Training models interactively in Pytorch

Question

I need to train two models in parallel. Each model has a different activation function with trainable parameters. I want to train model one and model two in the way that the parameters of the activation function from model one (e.g., alpha1) is separated from the parameters in model two (e.g., alpha2) by a gap of 2; i.e., |alpha_1 - alpha_2| > 2. I wonder how I could include it into the loss function for training.

Szymon Maszke · Answer 1 · 2020-05-21T16:40:51.433

Example module definition

I will use torch.nn.PReLU as parametric activation you talk about. get_weight created for convenience.

import torch


class Module(torch.nn.Module):
    def __init__(self, in_features, out_features):
        super().__init__()
        self.input = torch.nn.Linear(in_features, 2 * in_features)
        self.activation = torch.nn.PReLU()
        self.output = torch.nn.Linear(2 * in_features, out_features)

    def get_weight(self):
        return self.activation.weight

    def forward(self, inputs):
        return self.output(self.activation(self.inputs(inputs)))

Modules and setup

Here I'm using one optimizer to optimize parameters of both modules you talk about. criterion can be mean squared error, cross entropy or any other thing you need.

module1 = Module(20, 1)
module2 = Module(20, 1)

optimizer = torch.optim.Adam(
    itertools.chain(module1.parameters(), module2.parameters())
)
critertion = ...

Training

Here is a single step, you should pack it in a for-loop over your data as is usually done, hopefully it's enough for you to get the idea:

inputs = ...
targets = ...

output1 = module1(inputs)
output2 = module2(inputs)

loss1 = criterion(output1, targets)
loss2 = criterion(output2, targets)

total_loss = loss1 + loss2
total_loss += torch.nn.functional.relu(
    2 - torch.abs(module1.get_weight() - module2.get_weight()).sum()
)
total_loss.backward()

optimizer.step()

This line is what you are after in this case:

total_loss += torch.nn.functional.relu(
    2 - torch.abs(module1.get_weight() - module2.get_weight()).sum()
)

relu is used so the network won't reap infinite benefit solely from creating divergent weights. If there wasn't one, loss would become negative the greater the difference between weights would be.
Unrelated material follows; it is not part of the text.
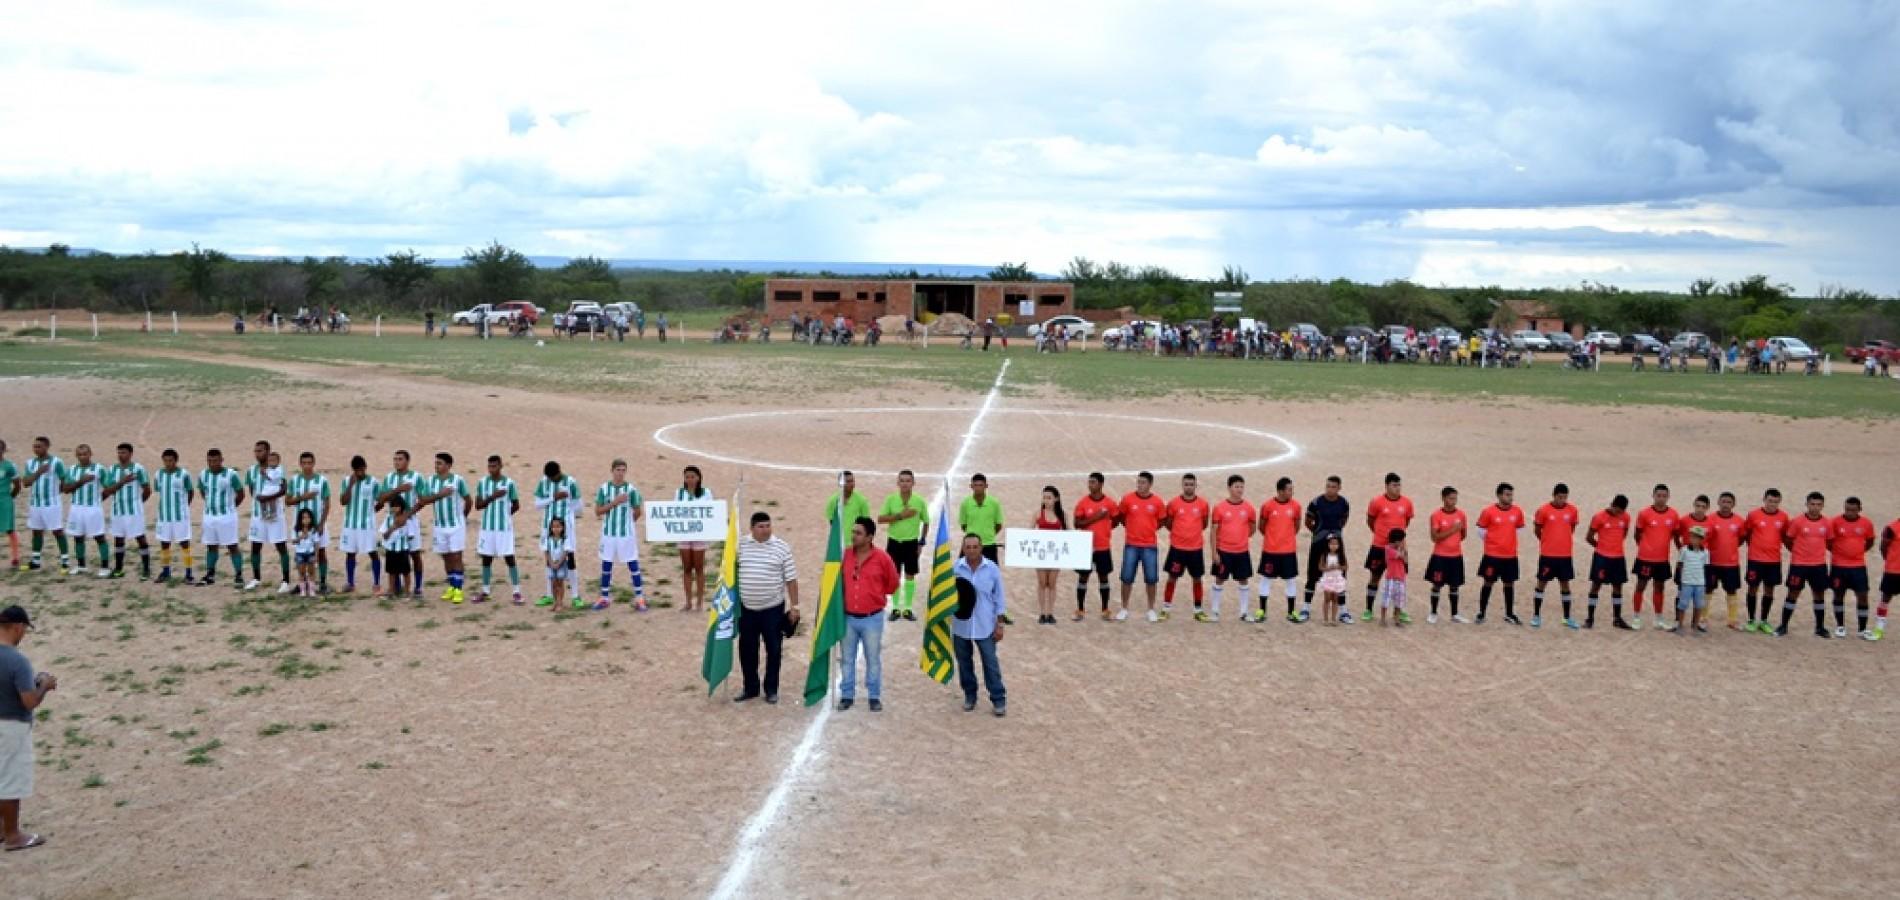 Alegrete do Piauí 22 anos: Final do torneio municipal de futebol

In this case the bigger the difference the better, but it makes no difference after the gap is greater or equal to 2.

You may have to increase 2 to 2.1 or something if you have to pass the threshold of 2 as the incentive to optimize the value when it's close to 2.0 would be small.

Edit

Without explicitly given threshold it might be hard, but maybe something like this would work:

total_loss = (
    (torch.abs(module1) + torch.abs(module2)).sum()
    + (1 / torch.abs(module1) + 1 / torch.abs(module2)).sum()
    - torch.abs(module1 - module2).sum()
)

It's kinda hackish for the network, but might be worth a try (if you apply additional L2 regularization).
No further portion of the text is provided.